Probably the main reason I love them so is because what they signify to me.  As a Columbia Junior Leaguer, I always admired them.  Silver or gold, I never cared.  But it wasn't until I finally left my ex-husband that fateful day in May of 2002 (No details, please.  We'll just say he loved to imbibe more than the average southern male... much more.), that I finally procured my own "figure 8s".  I can remember walking into Carol Saunder's Gallery like a new woman.  Celebrating my, and my young sons', freedom, I felt so liberated.  I bought both the gold and silver pair.  I deserved these earrings.  I earned them!
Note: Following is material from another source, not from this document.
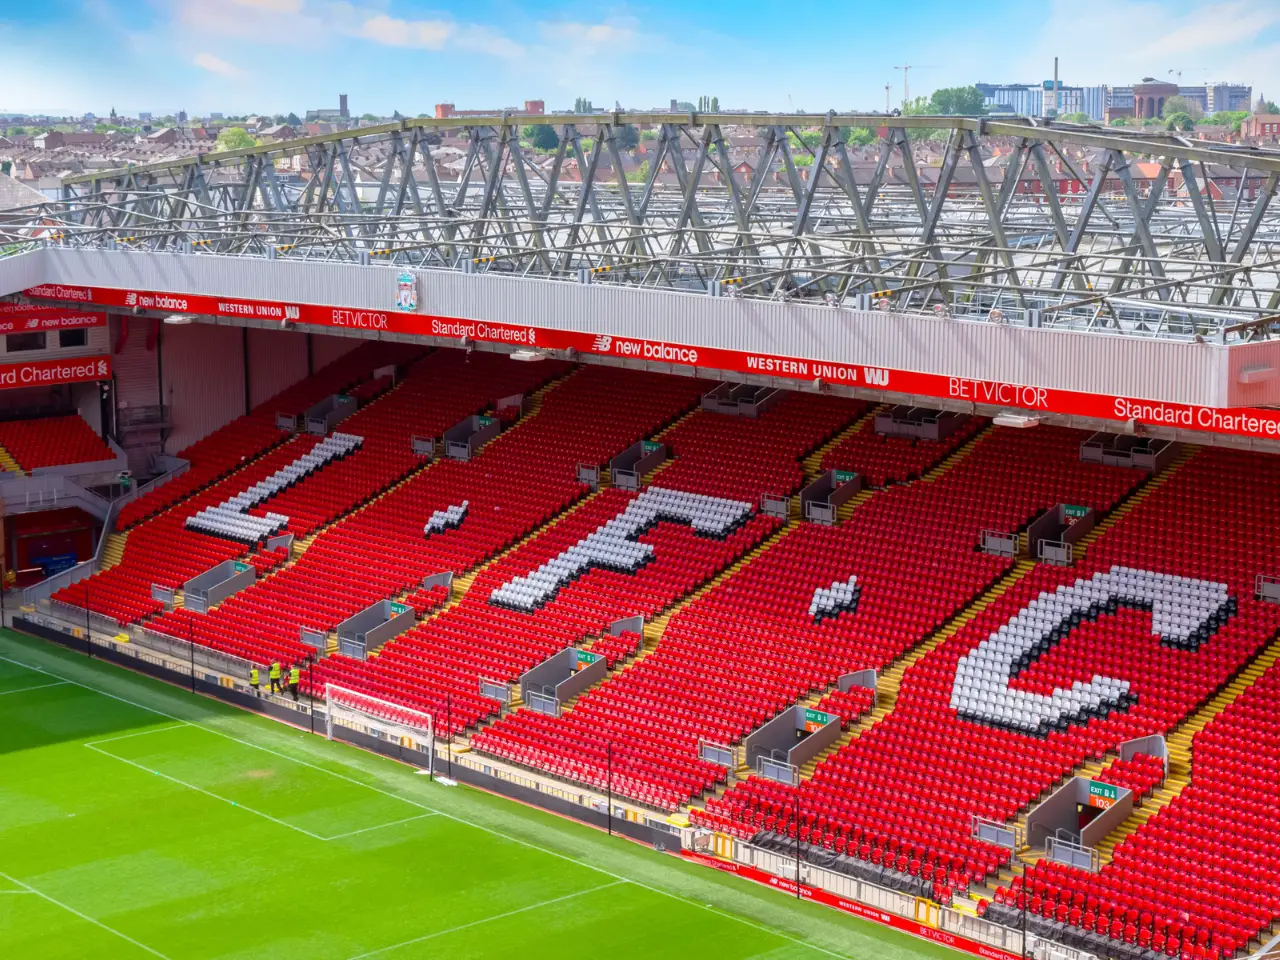 Anfield, Liverpool Football Club stadium

And so seven years later have passed.  I am married to my husband - an amazing man.  I have a wonderful life. And... I still am in love with my "figure 8s".


Thursday, May 13, 2010

"I Can't Live Without My Pearls"... Are You a Member Too?

If someone asked me the one item that epitomizes class and understated elegance on a woman, it would have to be the simple strand of pearls.  I wear mine almost every day.  They make me feel like I'm just a little bit dressed up... even when I'm just going to the grocery store or running another errand.  I see others wearing their strand and I notice, "They're in the I can't live without my pearls club too."  I love the perfect roundness and smoothness of each one.  I love the fact that they start out as an imperfection.  An inconvenience.  An irritation.  And then, by sheer miracle, that piece of sand (or other fragment) goes through a metamorphosis to become a precious and priceless thing of beauty. 
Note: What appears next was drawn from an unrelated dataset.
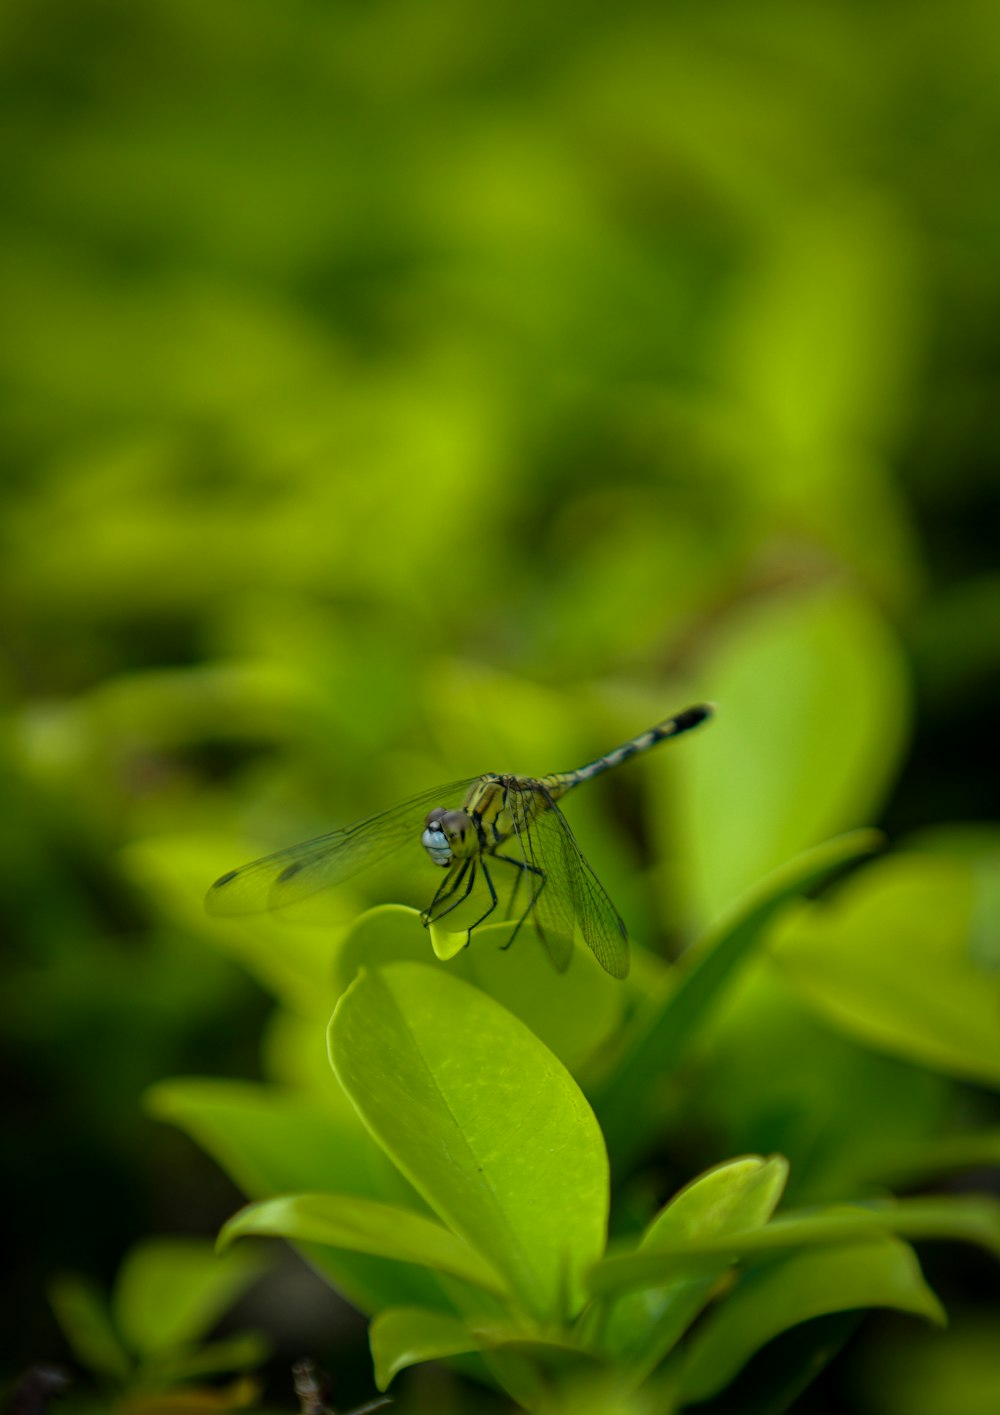 a dragon flys over a leafy green plant

Throughout high school and college, I either wore fake or my mother's strand (but only on special occasions).  I can remember Mama clasping her's around my neck before my debutante balls.  Wearing those, as well as her kid leather elbow-length gloves, made me feel a princess.

Finally, I received my own.  One gift my parents gave me when I graduated from college was a exquisite 18 inch strand of pure elegance.  A few other girls got cars.  A few got trips.  But I got pearls.  Finally.  I had my own to play with or finger whenever I was talking... or flirting!  I didn't have to borrow for special occasions... or plain old everyday.  This June baby (whose birthstone is the pearl!) was in heaven.

Sometimes I think about those cars that were given as graduation gifts twenty years ago.  Do those girls know where they are now?  Probably not.  But I know where my pearls are... circling my neck and will be for the next twenty years.  Because... I can't live without my pearls.